2

I want to change this

def has_class_but_no_id(tag):
    return tag.has_key('class') and not tag.has_key('id')

This function is from Python2 not for Python3

I had idea that

I changed this HTML document in a list like this

list_of_descendants = list(soup.descendants)

So I can get tags which contain class but don't id it is about that find all tags with class = blabla... but not id = .... I have no idea how I can handle this problem

Keyur Potdar
  • 7,158
  • 6
  • 25
  • 40
Tae
  • 23
  • 1
  • 5

2 Answers2

0

The documentation says:

I renamed one method for compatibility with Python 3:

  • Tag.has_key() -> Tag.has_attr()

Also, the exact same function is available in the documentation here:

If none of the other matches work for you, define a function that takes an element as its only argument. The function should return True if the argument matches, and False otherwise.

Here’s a function that returns True if a tag defines the “class” attribute but doesn’t define the “id” attribute:

def has_class_but_no_id(tag):
    return tag.has_attr('class') and not tag.has_attr('id')
Keyur Potdar
  • 7,158
  • 6
  • 25
  • 40
  • ok i used ur suggestions, but there were another problem AttributeError: 'NavigableString' object has no attribute 'has_attr' like i said i changes all Tag_elements in Beautifulsoup as a List and i applied that has_attr but that error message came out can u plz advice me more? – Tae Apr 06 '18 at 08:46
  • You're using the function on text (NavigableString) as well as tags. using `.has_attr` on text will raise the above error.
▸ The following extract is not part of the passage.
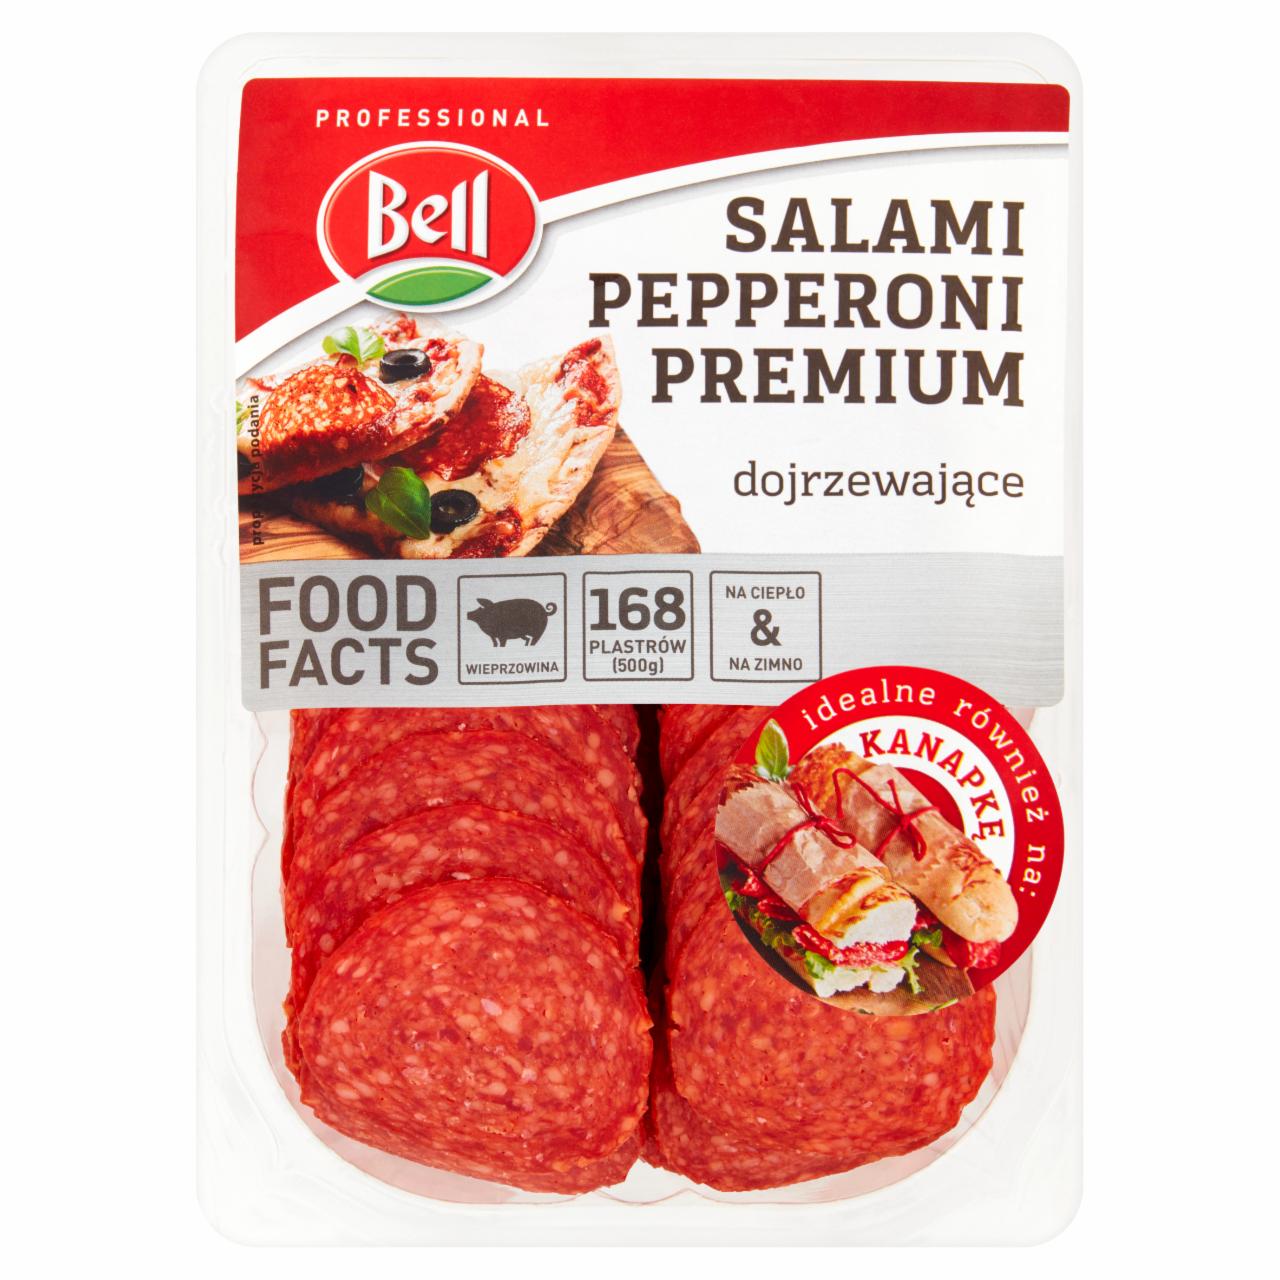 Zdjęcia - Bell Salami Premium dojrzewające pepperoni 500 g

Before calling the function, check if the list item is a tag. You can use `isinstance(item, Tag)` for that. Also, don't forget to import Tag from bs4 module. – Keyur Potdar Apr 06 '18 at 09:24
  • If you can't implement that, add the code you're trying, in the question and I'll edit my answer accordingly. – Keyur Potdar Apr 06 '18 at 09:52
-1

Hey i solve this Problem.

What i had to do is

1.collect all the tags(BeautifulSoup) and all children of tags (contents)

soup = BeautifulSoup(html_doc,"html.parser")
list_of_descendants = list(soup.descendants)

2.eliminate all NavigableStrings(cuz they can't accept has_attr() Methodes)

def terminate_navis(list_of_some):

    new_list = []

    for elem in list_of_some:

        if type(elem) == bs4.element.Tag:
            new_list.append(elem)
        else :
            continue

    return new_list 


new_list = terminate_navis(list_of_descendants)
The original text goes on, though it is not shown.